Рогачи почему-то насторожились, и все, как один, обернулись к негустому леску чуть выше пути их следования. Архыз не без интереса тоже вглядывался в тот лесок. Что заставило оленей остановиться?

Раздвинув берёзовый подлесок, на освещённый склон осторожно вышел Хобик. Он как-то принуждённо, извиняясь, что ли, переступал с ноги на ногу и продвигался к стаду так медленно и так нехотя, будто шёл на заклание. И почему-то все время оглядывался.

Надо полагать, что у Хобика были самые добрые, искренние намерения: он просил принять его, одинокого скитальца, в здоровый, сплочённый коллектив, он хотел набраться у опытных стариков уму-разуму. Старые рогачи, со своей стороны, не имели никаких оснований для отказа. Стояли, рассматривали новичка и ждали, пока он подойдёт поближе. Новенький приближался.
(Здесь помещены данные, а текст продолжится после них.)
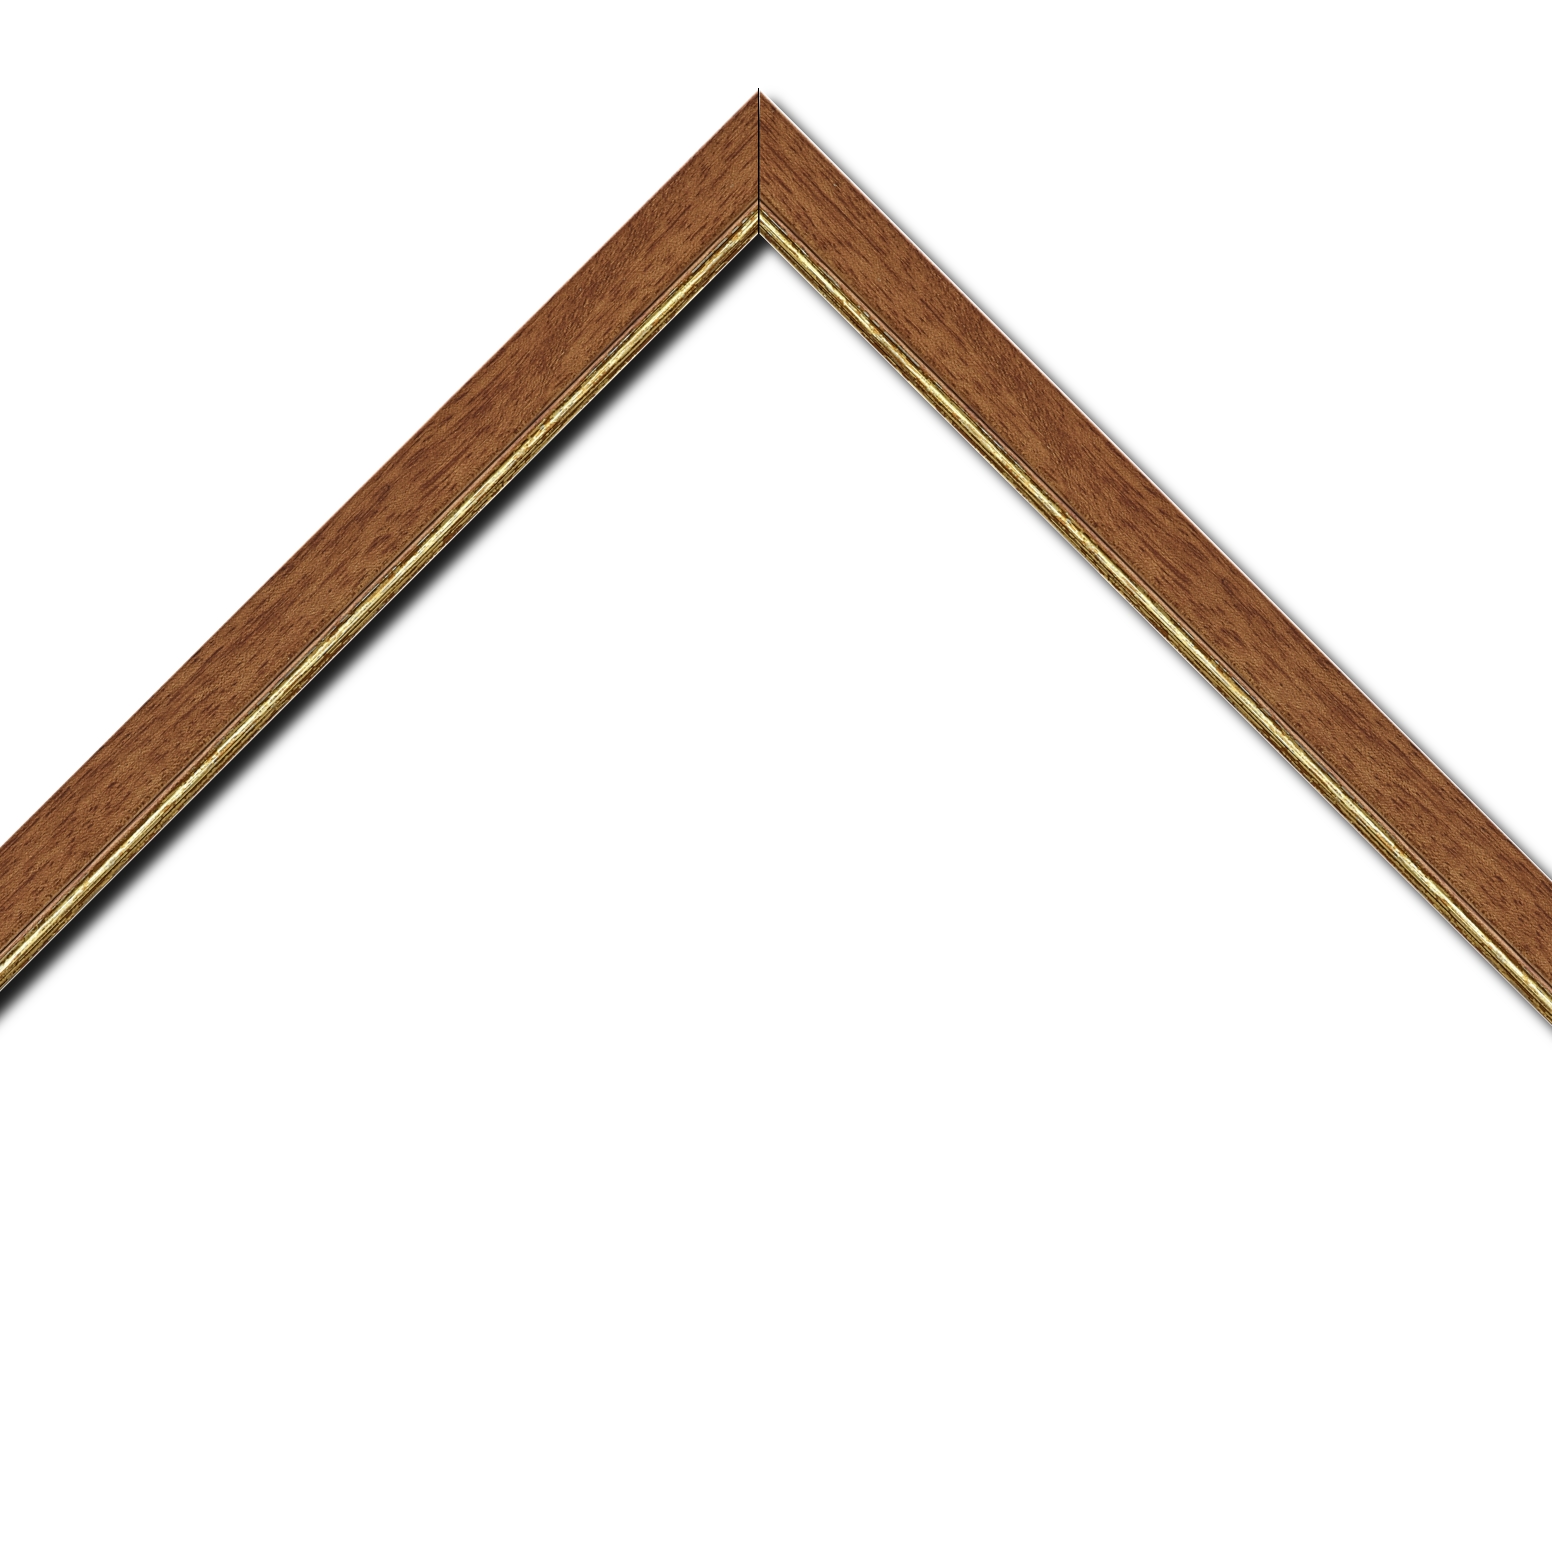 Baguette bois profil plat largeur 2.5cm couleur marron ton bois filet or
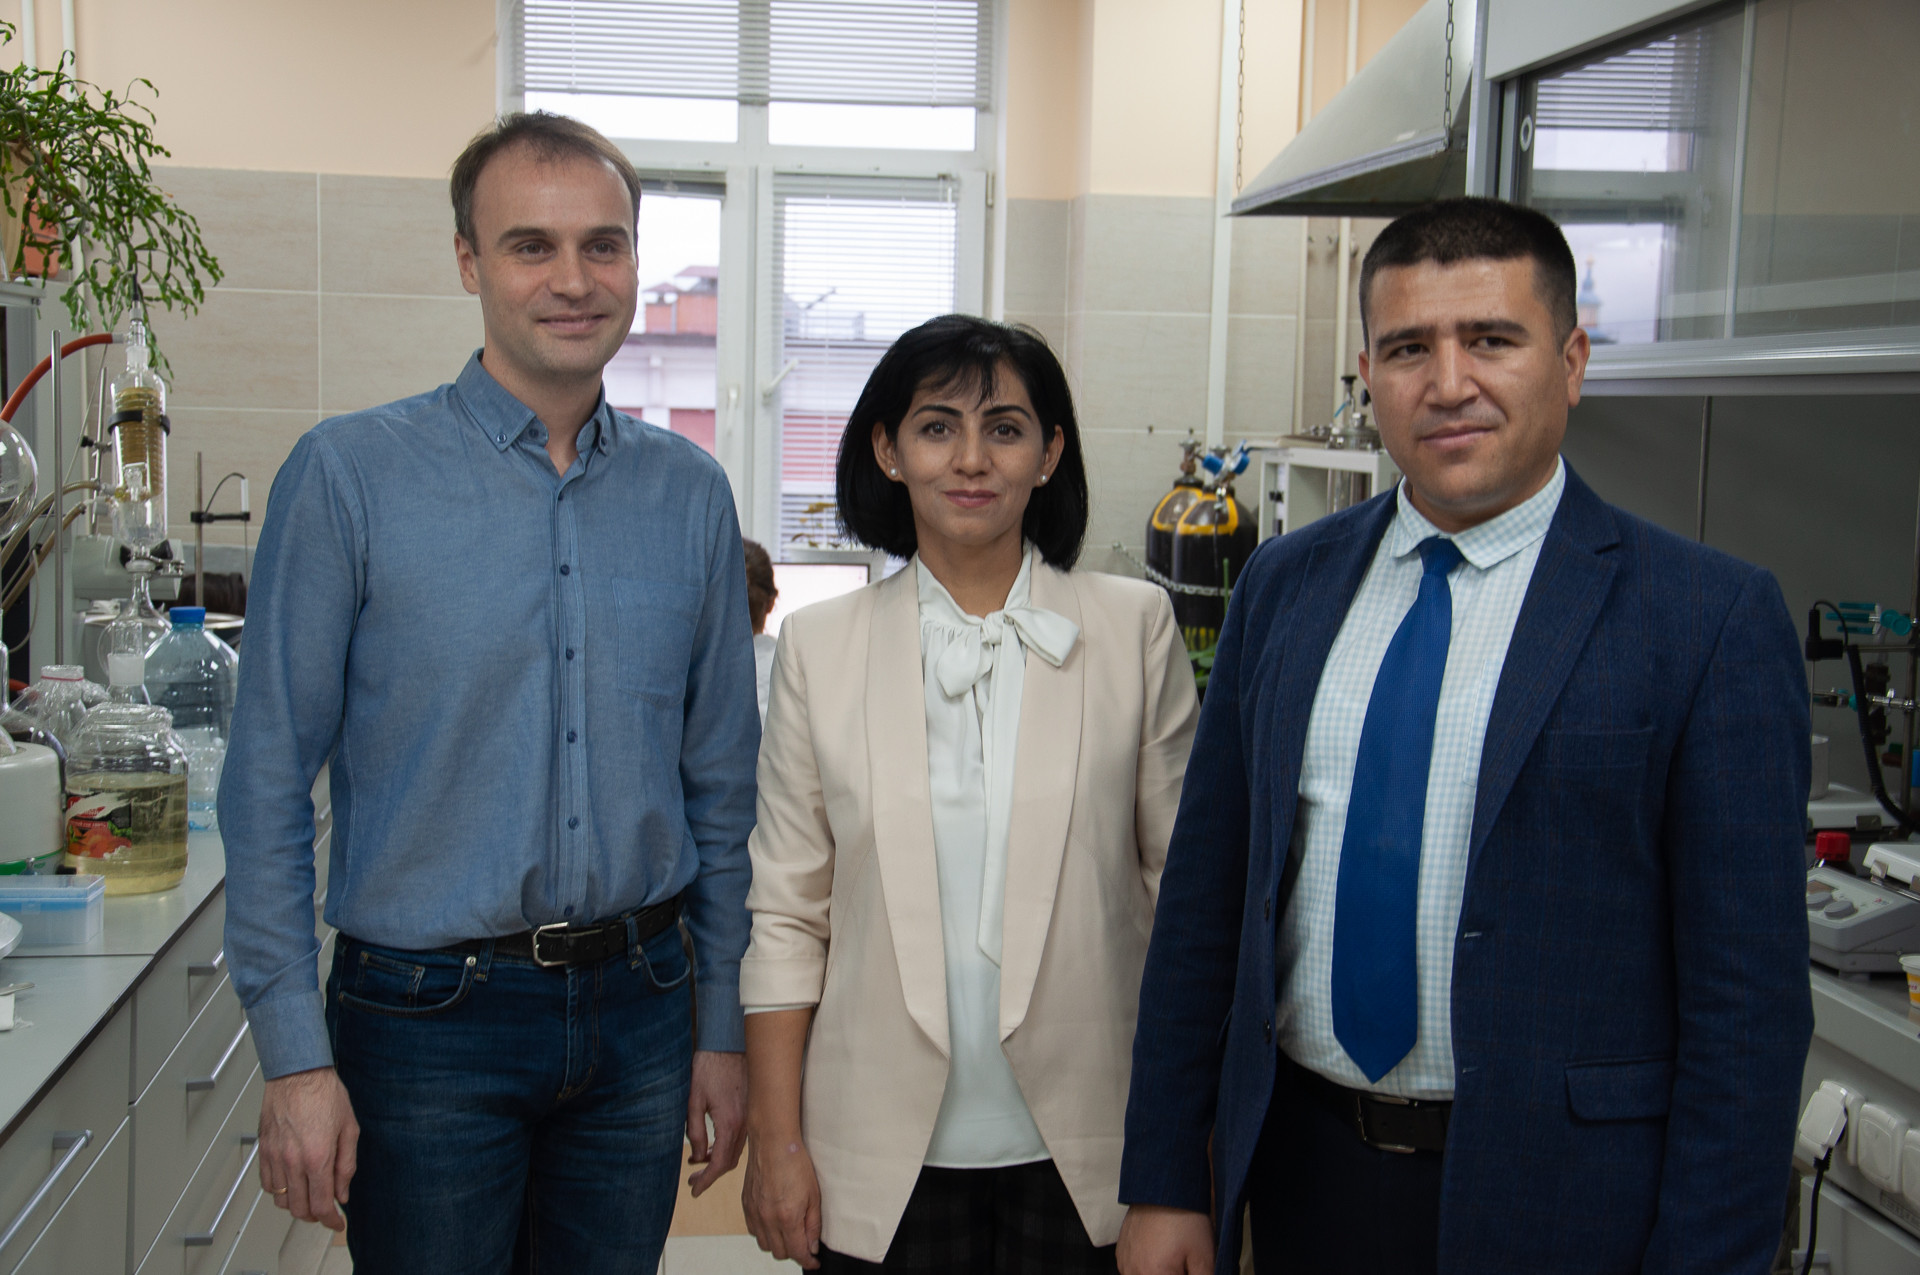 10 ноября Химический институт посетила делегация из Республики Узбекистан ,Химический институт им. А. М. Бутлерова, Республика Узбекистан, международное сотрудничество

Для своих неполных двух лет Хобик выглядел очень хорошо. Оленуха не зря потратила на него столько внимания и заботы. Он уже вылинял. Свежая коричневая шёрстка атласно блестела; этот здоровый, приятный цвет оттенялся белой шерстью живота, белым пятном сзади и чистыми ножками с блестящими, полированными копытами. Грудь Хобика прямо распирало от узловатых мышц, ровная спина говорила о молодости, а рост… О, ростом он уже подравнивался под лучшего из этого стада. Правда, ещё не отросли полностью рога, но ветвились они хорошо, и всякий мог угадать, какие они получатся в скором времени: отличные рога!

Существует ли у диких зверей понятие зависти, столь распространённое в обществе разумных? Надо полагать, имеется, может быть не так остро осознанное и не такое жгучее, но именно оно, это чувство, неожиданно внесло коррективы в поведение стада эгоистичных рогачей. Дружески настроенный, Хобик ещё издали почувствовал перемену и начал обходить стадо по кругу. А члены здорового, сплочённого коллектива вдруг оттопырили губы и стали проделывать рогастыми мордами покачивающие движения отнюдь не миролюбивого толка. По-человечески их можно понять. Ведь каждой особи, уже отвоевавшей себе место под солнцем, всегда приятно иметь при себе помощника, готового бескорыстно поддержать в трудную минуту, оказать какую-нибудь услугу. Но не всякий примет и обласкает другого, если этот другой с первого взгляда выглядит лучше шефа и подаёт большие надежды. Это уже не помощник. И не приятель. Скорее, соперник, чаще всего потенциальный, сам этого ещё не осознавший, однако опасный. И подобную особь лучше не придерживать возле себя, а, поелику возможно, отогнать или, так сказать, выдвинуть на другое, не смежное с твоим пастбище…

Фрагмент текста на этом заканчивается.